Он со страхом подумал, что она, верно, угадала основную ложь его духовной жизни -- трусливый страх перед крестом и мученичеством -- и почувствовал давно неиспытанную боль. Философ мягко взял руку девушки; она не отнимала ее, но за кажущейся покорностью скрывалась ничем непоколебимая мощь.

-- Я старше вас, -- сказал Яшевский, пытаясь добродушно-отцовским тоном ослабить впечатление. -- Вы годитесь мне в дочери. Поэтому я и позволил себе затронуть подобную тему. Рано или поздно вам придется столкнуться с этим вопросом.

Она помолчала.

-- Вы встретите достойного человека, -- продолжал Яшевский, холодно поблескивая зеленоватыми глазами, -- полюбите его, выйдете замуж.

-- Я уж решила, -- тихо произнесла Елена Дмитриевна, впервые за все время заговорив о себе. -- Я знаю, что случится.

-- Вы собирались уехать? -- спросил великий человек, и она поняла, что теперь он хочет от нее отделаться.

"Верно, я противна ему", -- подумала Колымова и печально ответила:

-- Скоро уеду.

-- Вам хорошо рассеяться, повидать людей и свет, -- произнес Яшевский таким тоном, как будто говорил глупенькой девчонке с куриной душой.

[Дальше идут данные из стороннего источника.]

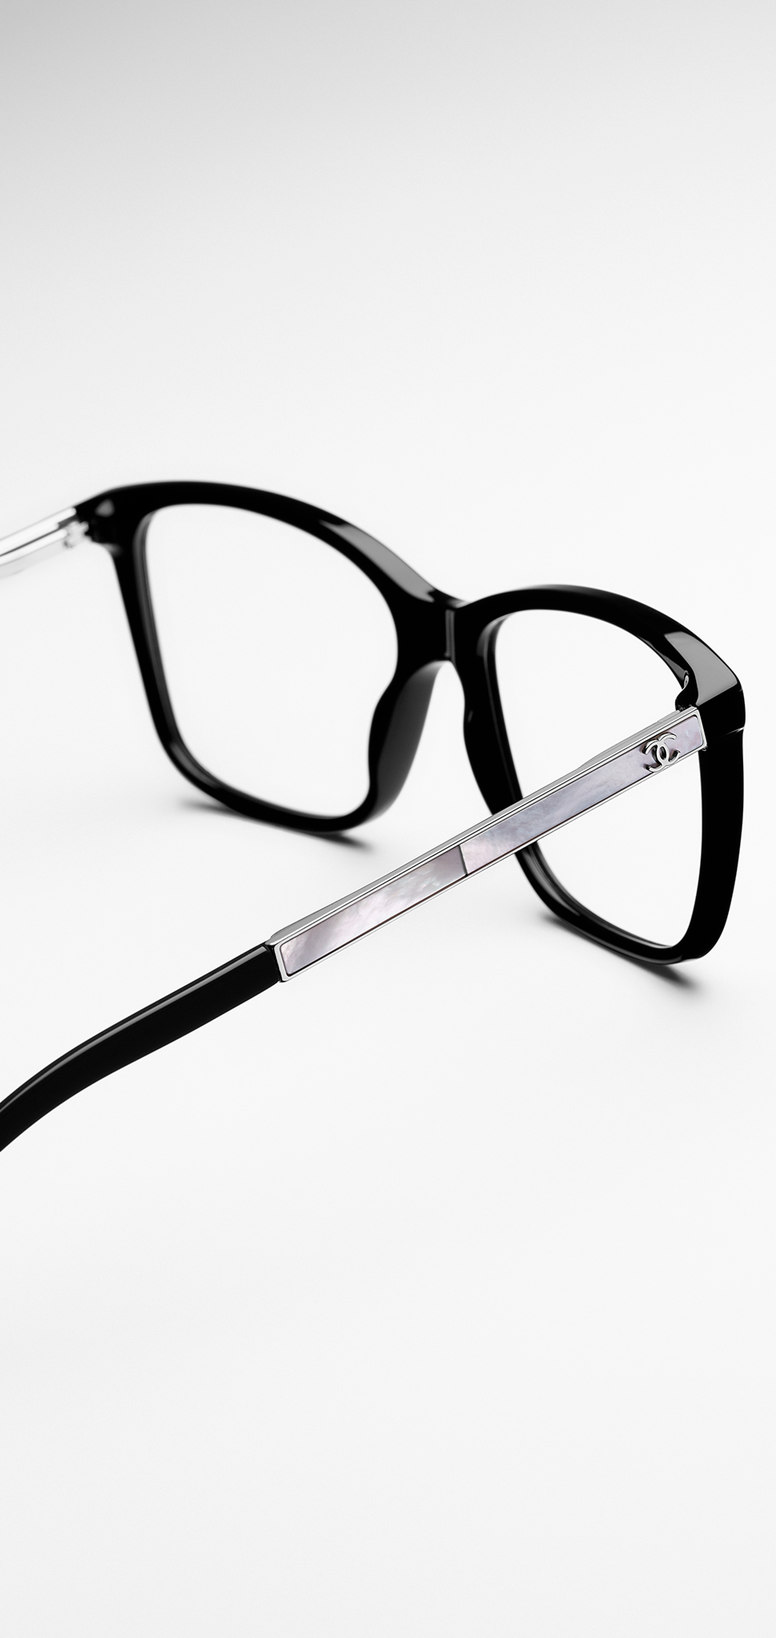 Chanel Eyewear - Beauty, Art and Function - Martin Reynolds Opticians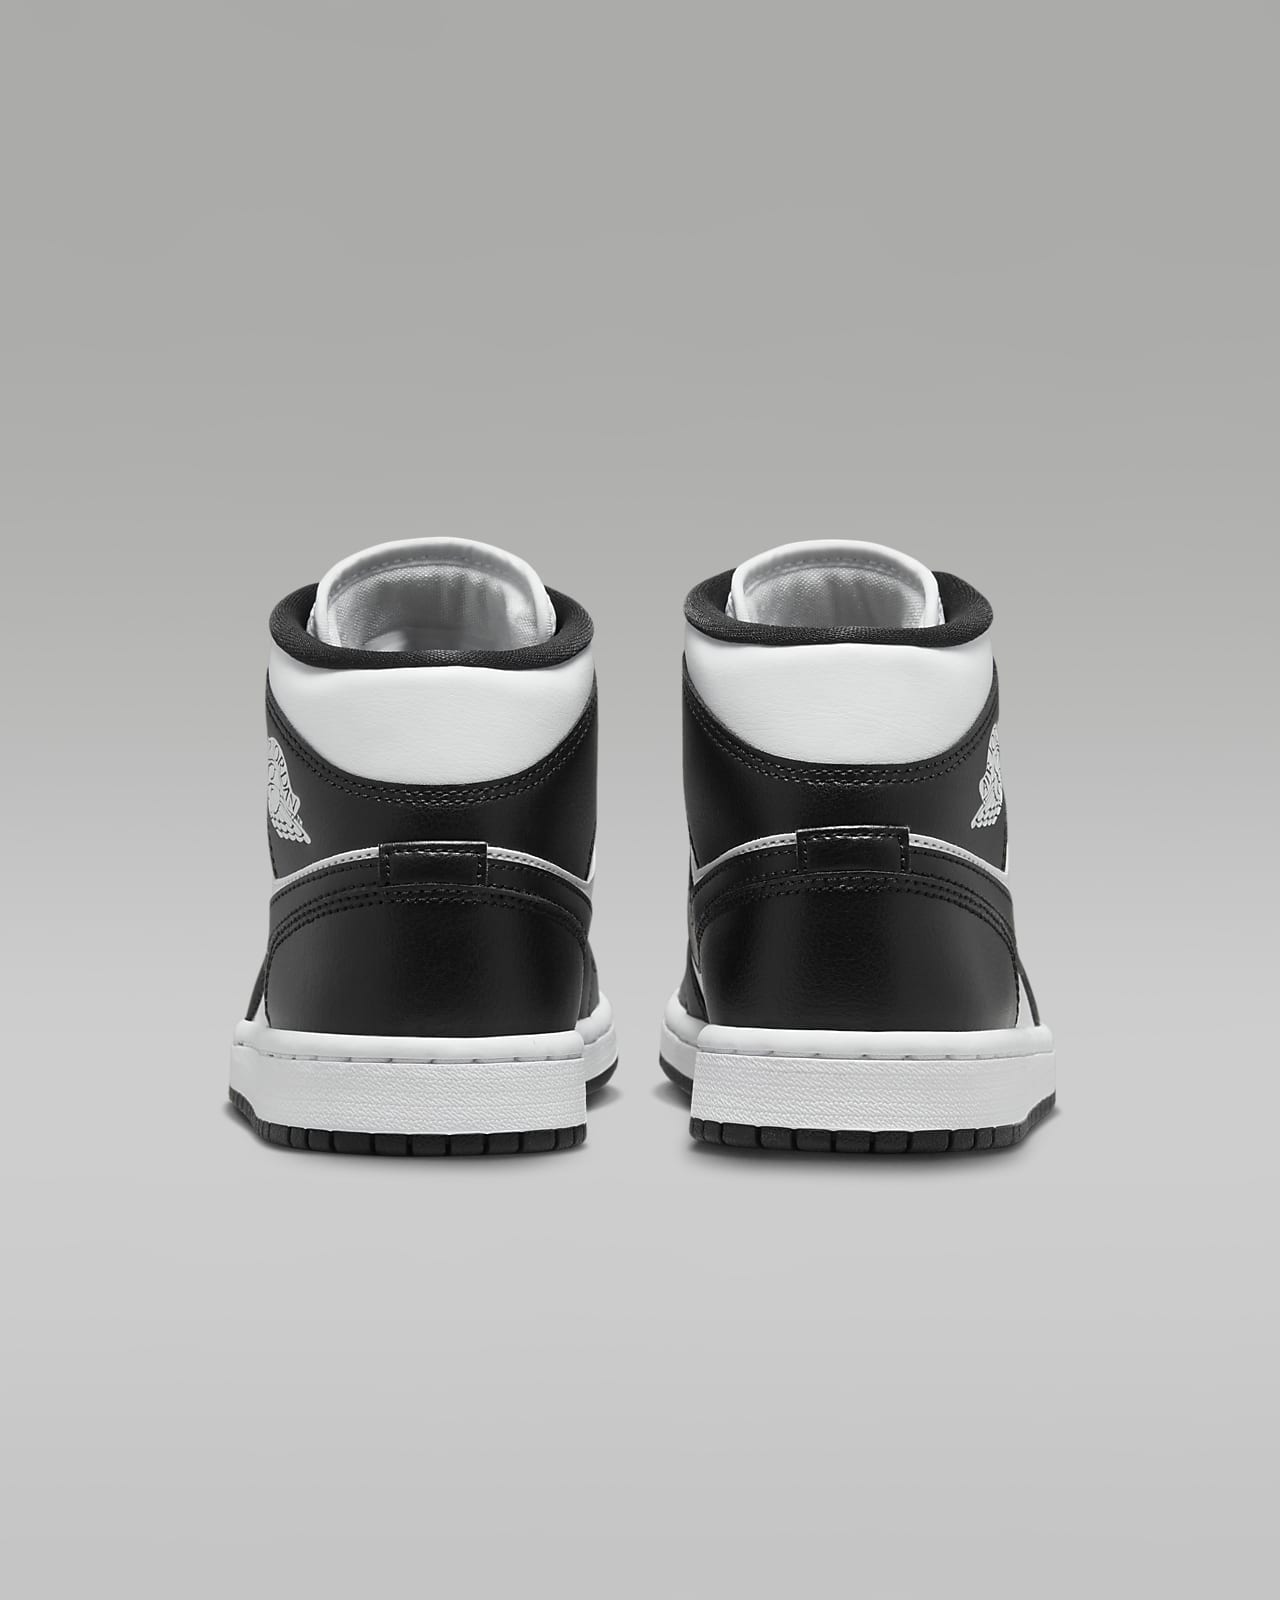 Air Jordan 1 Mid Women's Shoes, by Nike Size 8 (White)

Ему казалось, что только из прирожденной деликатности она не выказывает ему своего презрения; унижая ее в мыслях, он пытался убедить себя, что презрение такого маленького существа, разумеется, не может его обидеть. Он был доволен, когда она ушла... Борьба с противником, которого он наполовину выдумал, делала его злым, и, лишенный чувства самоанализа, он все дальше уходил в свою фантастическую обиду.

Разумеется, свою любовь к ней он легко преодолеет, потому что это чувство было ниже его огненного самолюбия... Но расстаться с Колымовой -- значит непрерывно носить тяжесть ее презрения, которого не существовало, но в которое он тем не менее верил. Он понимал высоту отказа, с вершины которой Колымова смотрела на свою и чужую жизнь. Его глубокий ум умел подниматься на те же вершины, но он посещал их, как турист, случайно взошедший и опять спустившийся; Колымова же чувствовала себя там не гостьей, а постоянным жителем. Было обидно сознавать, что десятки лет труда и размышлений, тысячи прочитанных на шести языках книг, заканчивающаяся молодость и ряд лишений и неудач не дали ему того высокого и свободного полета, которым, по-видимому, без усилий пользуется эта странная девушка... Наконец-то, наконец-то случилось то, чего он боялся, как самого страшного: явилось новое поколение, и опередило его! Он отстал, он состарился -- не телом: тело только символ, -- а духом. Его больше не будут слушать... Зачем он так неосторожно приблизился к ней? Зачем был с ней откровенен? К стареющемуся строителю Сольнесу постучалась Гильда, но не любовь и преклонение принесла она, а высокомерие и обиду.

До тех пор, пока он не столкнет ее с вершины, у него не будет покоя. Невозможно жить и работать, с сознанием, что та идея, которую он считал истиной, осудила его. Он всегда искал в людях высокий дух мудрости презирал мир мелких интересов и суеты, был родственен душою тем, кто имеет право клясть и осуждать. И теперь, когда он наконец встретился с воплощением своей мысли, своего учения, с тем грядущим человеком, рождение которого он уготовил, -- этот человек с насмешкой отвернулся от него!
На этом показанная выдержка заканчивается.